Ainda em relação às transformações antrópicas, grandes alterações fisiográficas das áreas de vida, associadas ao fluxo de embarcações e manejo inadequado do tratamento de resíduos, podem alterar o uso do habitat e o comportamento desta espécie. Como resultado, múltiplos ataques a seres humanos podem ocorrer, assim como acontece na região nordeste do Brasil, onde o tubarão-cabeça-chata é o principal responsável pelos ataques aos surfistas e banhistas (e esses ataques ocorrem em uma curta extensão da faixa costeira). Nessa região há o Porto Suape, que foi construído na área de ocorrência do C. leucas. Isso degradou o habitat da espécie e causou uma mudança no seu comportamento, fazendo com que os indivíduos fossem desviados para as praias mais próximas. O resultado foi que Pernambuco passou a ser o segundo estado do mundo com o maior número de pessoas atacadas por tubarões, principalmente devido à presença desta espécie.

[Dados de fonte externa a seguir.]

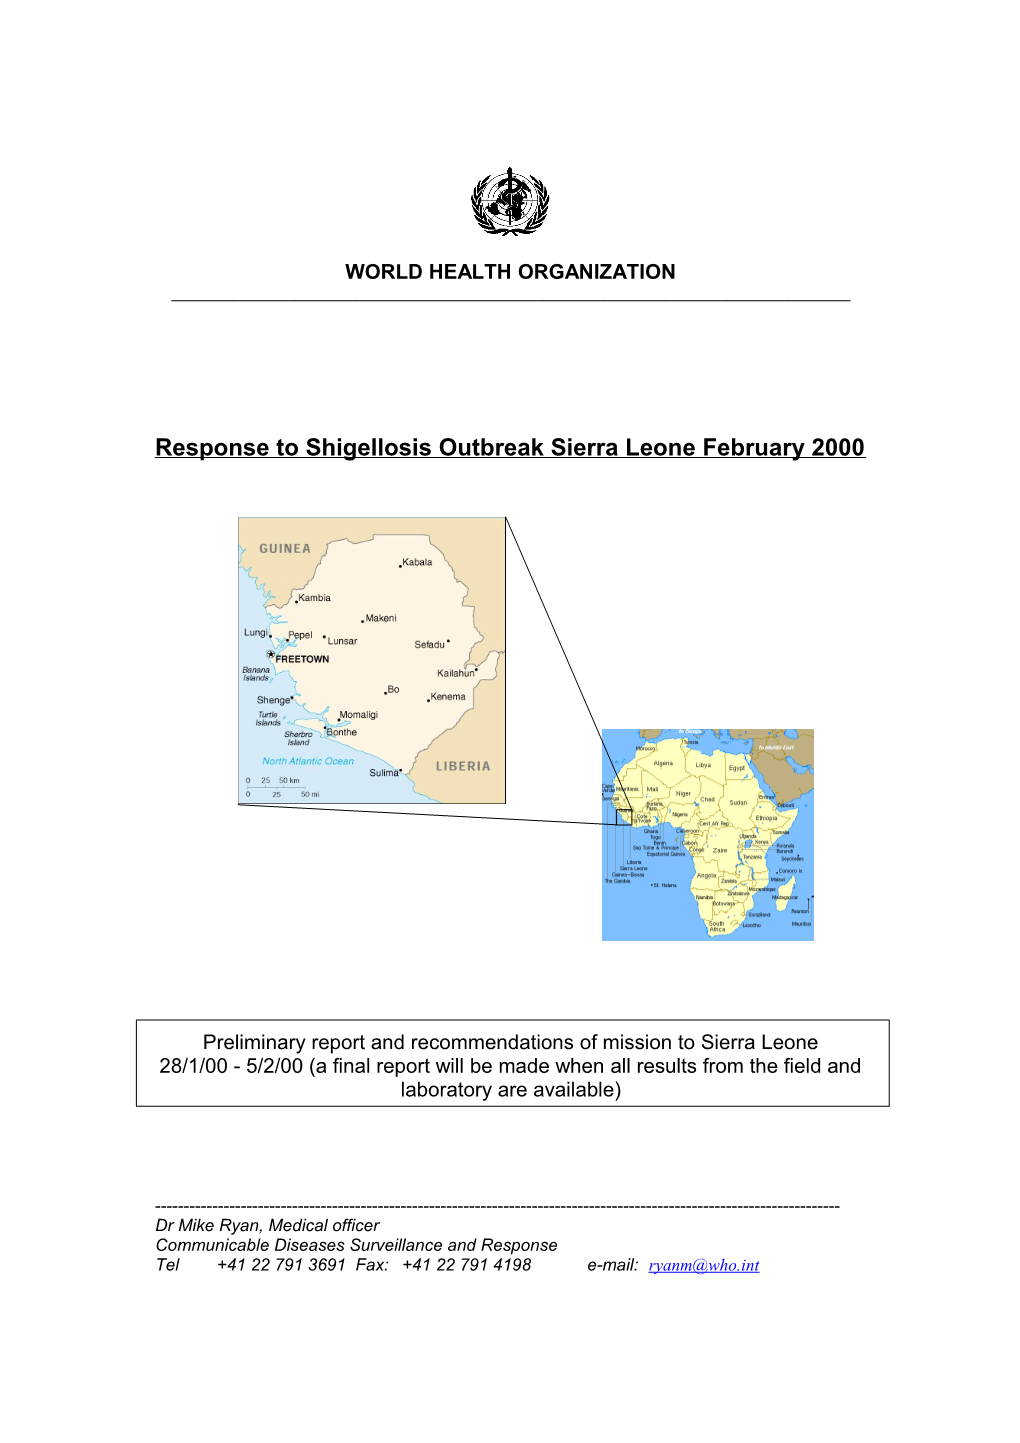 Field Investigation of Shigellosis Outbreak in Sierra Leone February 2000

Foto aérea do Porto Suape/PE. É possívil visualizar o porto no mar de cor verde-água e a cidade ao fundo. O céu é azul e com várias nuvens.

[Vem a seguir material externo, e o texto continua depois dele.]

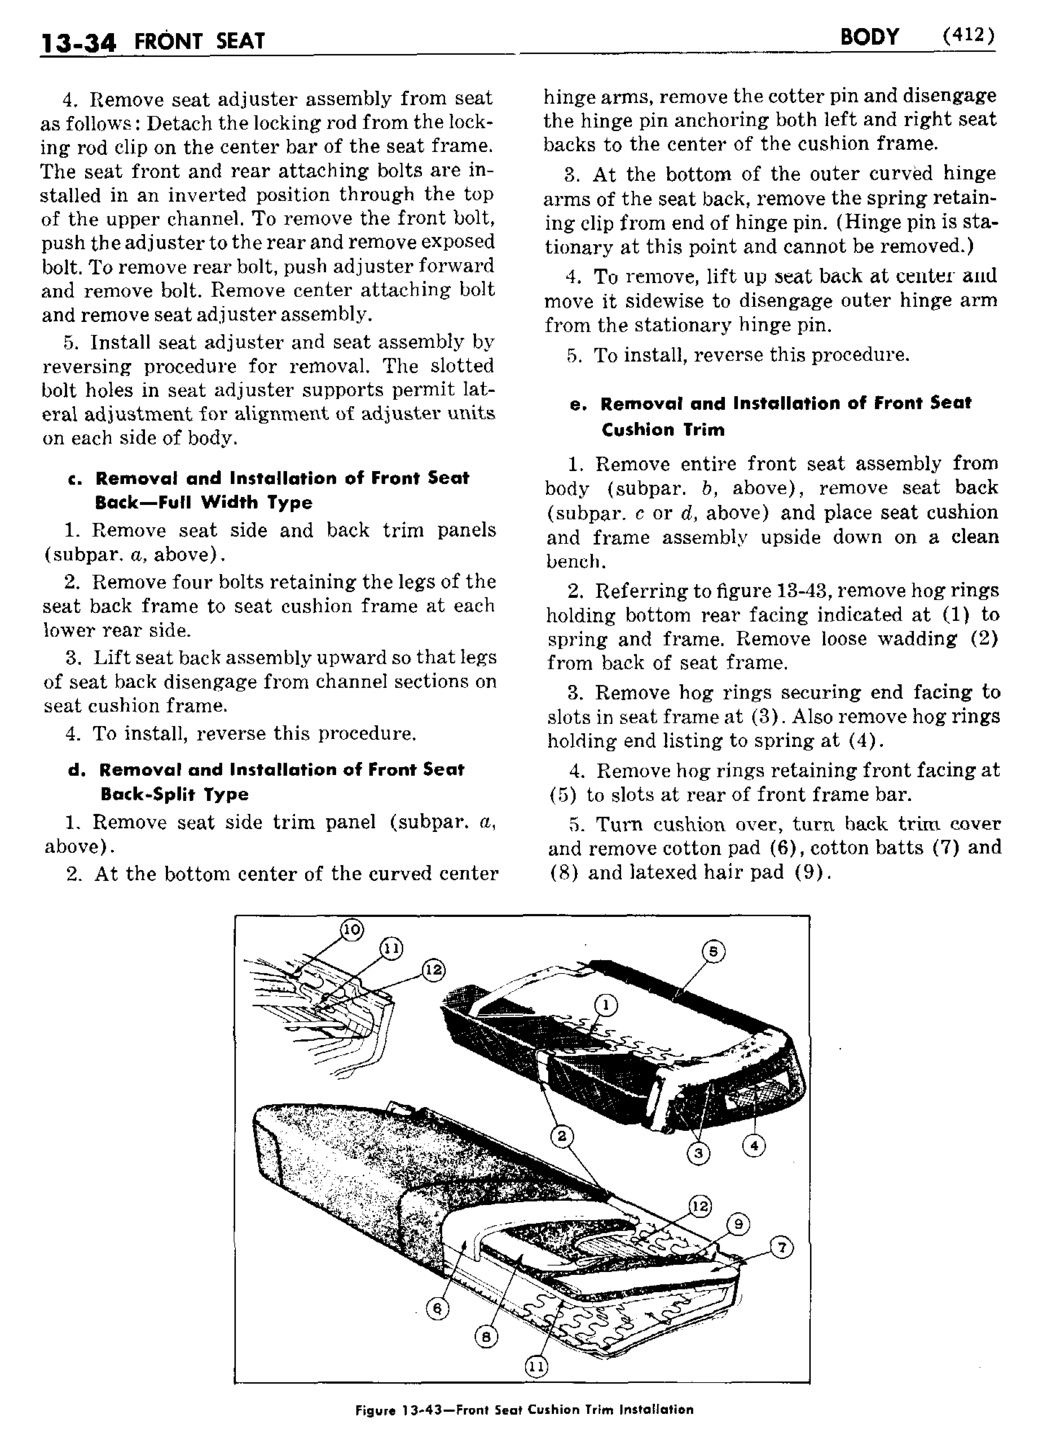 n_14 1950 Buick Shop Manual - Body-034-034.jpg

O Porto de Suape, em Pernambuco, foi construído na área de ocorrência do tubarão-cabeça-chata. Fonte: Daniela Nader/Wikimedia Commons (CC BY-SA 2.0).



IMPORTÂNCIA ECOLÓGICA


Por ser predador de topo, o C. leucas exerce uma grande importância ecológica nos ambientes em que está inserido, contribuindo com a manutenção da saúde dos oceanos. Além disso, sua presença no ambiente aquático movimenta a indústria do turismo em diversas partes do mundo, sendo atração em atividades de mergulho.


Foto do tubarão-cabeça-chata nadando em direção para esquerda da imagem, no fundo do mar, próximo a areia fina e clara, e água no fundo de cor azul-escura.

Desempenha grande importância ecológica como predador de topo nos ambientes que encontra-se inserido. Fonte: cedida gentilmente por Luiz Fernando Salvador Júnior © para uso exclusivo neste artigo.



CONSERVAÇÃO


Apesar de sua importância, o tubarão-cabeça-chata encontra-se classificado como quase ameaçado de extinção em nível global. Isso ocorre porque muitas populações estão em declínio devido à maturação sexual tardia, isolamento genético, susceptibilidade à captura/sobrepesca, supressão das áreas de berçário e perseguição direta. Portanto, ações voltadas a sua conservação são necessárias, a fim de contribuírem com a gestão das zonas costeiras ao redor do mundo.